For my contribution, I've found that documentation fails for a couple of reasons. The first is the burden of correctness. The people who most would like documentation are also the people who most need the documentation and they usually are also the people most likely to be reluctant to contribute to the documentation because they don't feel they can accurately represent the information. Imagine someone ramping into a feature and spending a few days reverse engineering how it works, collecting info, etc. Sometimes they'll put it up somewhere but a lot of the time contributing partial information feels 'wrong'.

And the second bit I find to be a big reason why documentation efforts fail is just the sheer friction of putting it into the documentation store to begin with. In confluence, for example, if you have a bit of information it can be tough to work out how to categorize it, where in the hierarchy it should go, etc, etc. Or if it's a GitHub wiki you want to put it somewhere that it is discoverable but also be careful that it's 'correct' because you don't want to break backlinks if it gets recategorized.

I've mostly given up on it at this point. Instead, I take detailed personal notes and make them publicly available. It doesn't have to be correct because being advertised as personal notes means that it's my opinion on the truth rather than objective fact. It isn't far away from my codebase, I can just tap a short keybinding in my editor to type my notes or search them and I can link directly from the notes to lines of code in files to jump back and forth. The particular system I use means that if I write a short snippet of code to solve a one off issue (like calling a path helper to derive a URL that I can't find in the interface) I can even drop it in a code block and execute it right from my note-taking tool. It isn't ideal for sure but I've gotten way farther in having a shareable knowledge base this way than I have in literal years of trying to get a shared, useful documentation store spun up.

P5fRxh5kUvp2th

The issue is that people seem to equate "good documentation" with complete. It's just not possible to do this. I think it would be better to talk about "effective documentation".

My opinion on the matter:

Three levels of documentation

  1. high level documentation that describes the problems and the goals from the business perspective

  2. mid-level documentation that describes the architecture that gets us there

  3. low-level documentation, aka code.

high level gives you direction (where), mid-level gives you context (what), low-level gives you implementation (how)

You need the what to understand the how, and you need the where to understand the what.

The other piece is an acceptance that you can't document away the need for tacit knowledge.

To draw an analogy.

No amount of documentation is ever going to allow a kid to hop on a bike and ride it perfectly the first time. That is not what it means to teach a child to ride a bike. Instead the goal is to have enough documentation to minimize the amount of time it takes that child to gain the tacit knowledge necessary to ride a bike acceptably.

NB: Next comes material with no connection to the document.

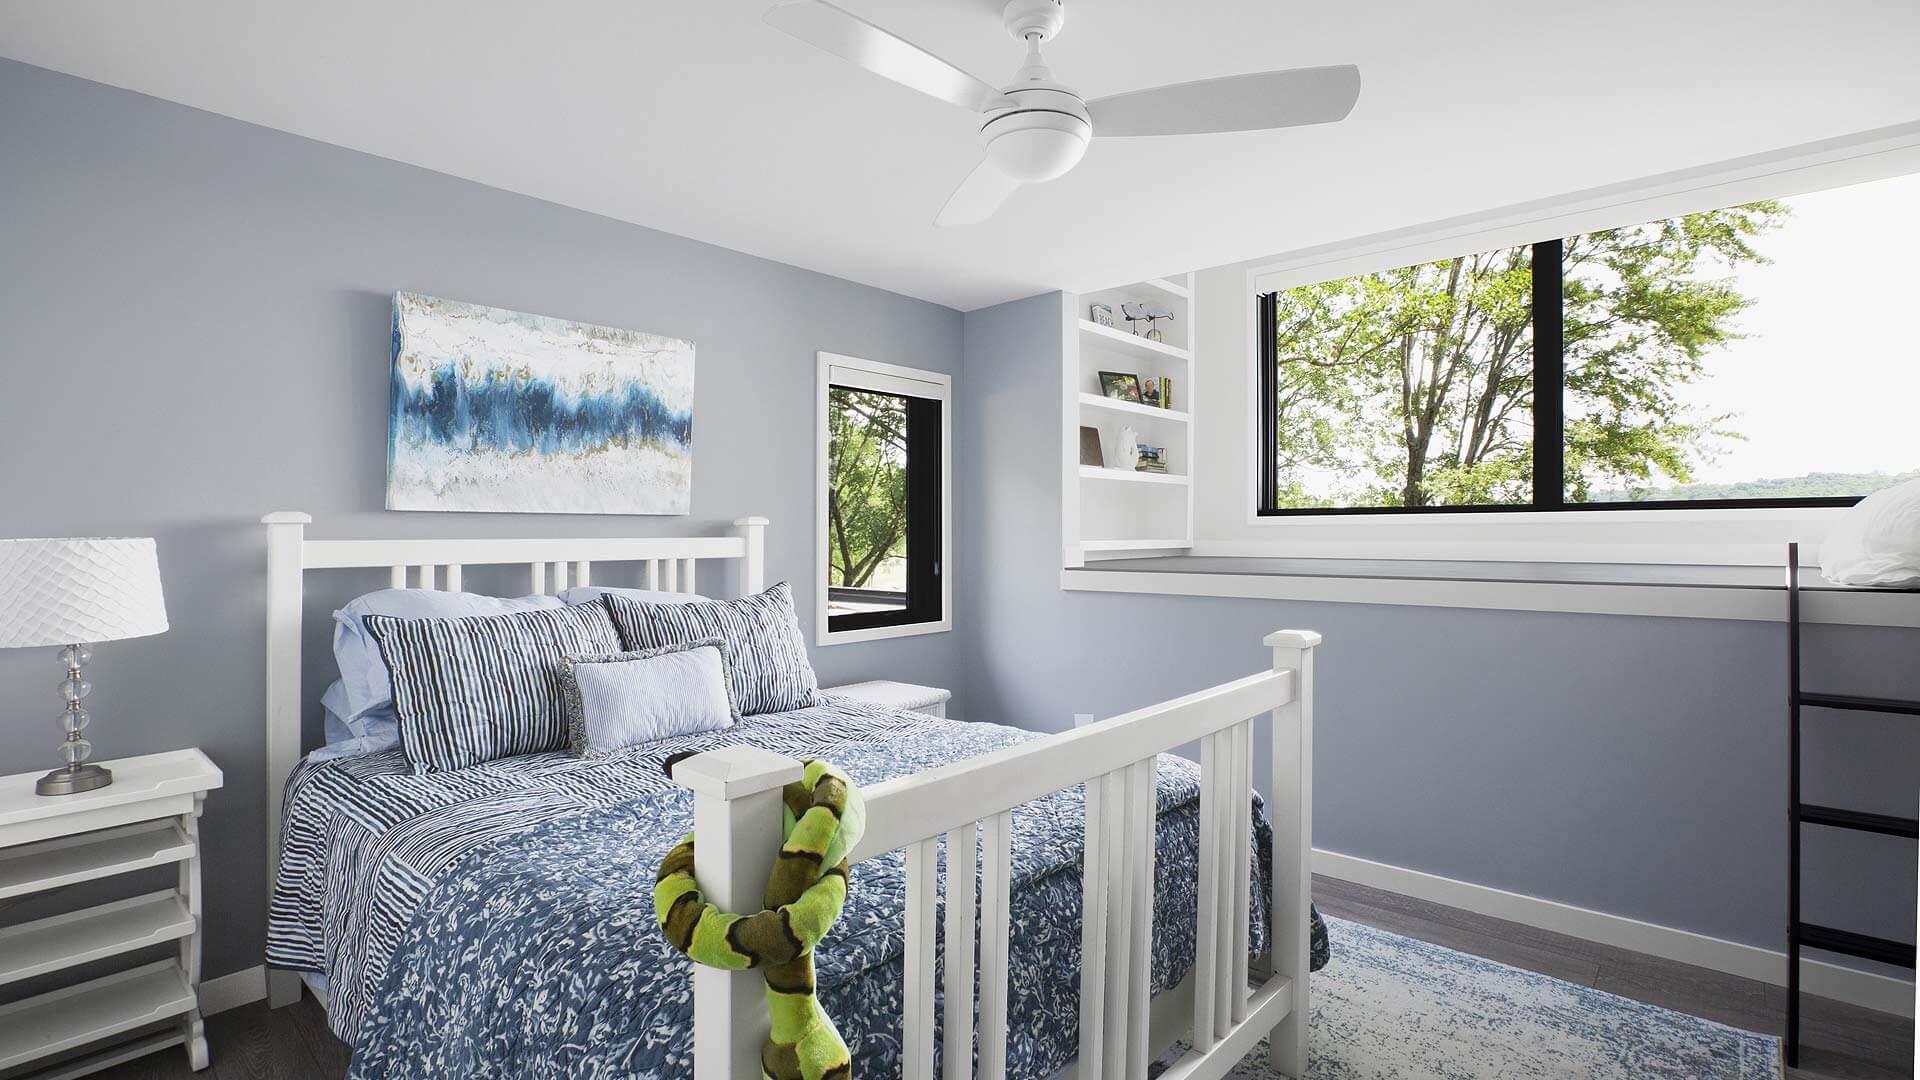 Guest Bedroom with Loft overlooks lakeside - Lakeside Modern Cottage (H-LODGE) - Unionville, Indiana, Lake Lemon

Once you accept the above and lower your bar, "effective documentation" becomes much more achievable.

tremon

One of the reasons this is hard is because it's not that easy to really separate the three levels of abstraction. It's very difficult to state the business requirements neutrally, without coloring in any technical sort of solution (especially since the technical solution is usually what the customer asks for), and it's equally hard for many people to write a high-level technical design without filling in (or assuming) various implementation details. In my team, I have started spelling out more concretely what I expect from the documentation at various levels. Keeping with the three levels specified by the GP, we always document:

1 - business rationale: what are we building, and who are we building it for (enumerate the stakeholders and their processes)

2 - component diagram: a graphical sketch of what different building blocks are involved (datastores, api endpoints, webservers, etc), and showing the direct connections between them

2 - data flow diagram(s): showing entry, exit and storage points for each class of data moving through the system

3 - starter documentation: what does a developer need to know/do before working on this project? This includes tooling, pointers to outside documentation, and a reading guide pointing to the rest of the project's documentation.

The rest of the low-level documentation is the responsibility of the team itself.

By insisting on documenting the second layer mostly graphically, there is less potential for overlap between the different layers. Of course, no documentation system is perfect, but I find the above has suited us quite well for what we do (we write business integration software, no huge client applications or software suites. YMMV, obviously).

tremon

I love this separation of aspects and the graphical representation to nudge out overlap. How do you keep the layers consistent? How do you keep track what update to some layer is not covered in some other layer yet? Is that visible right in your layers? or some outside backlog?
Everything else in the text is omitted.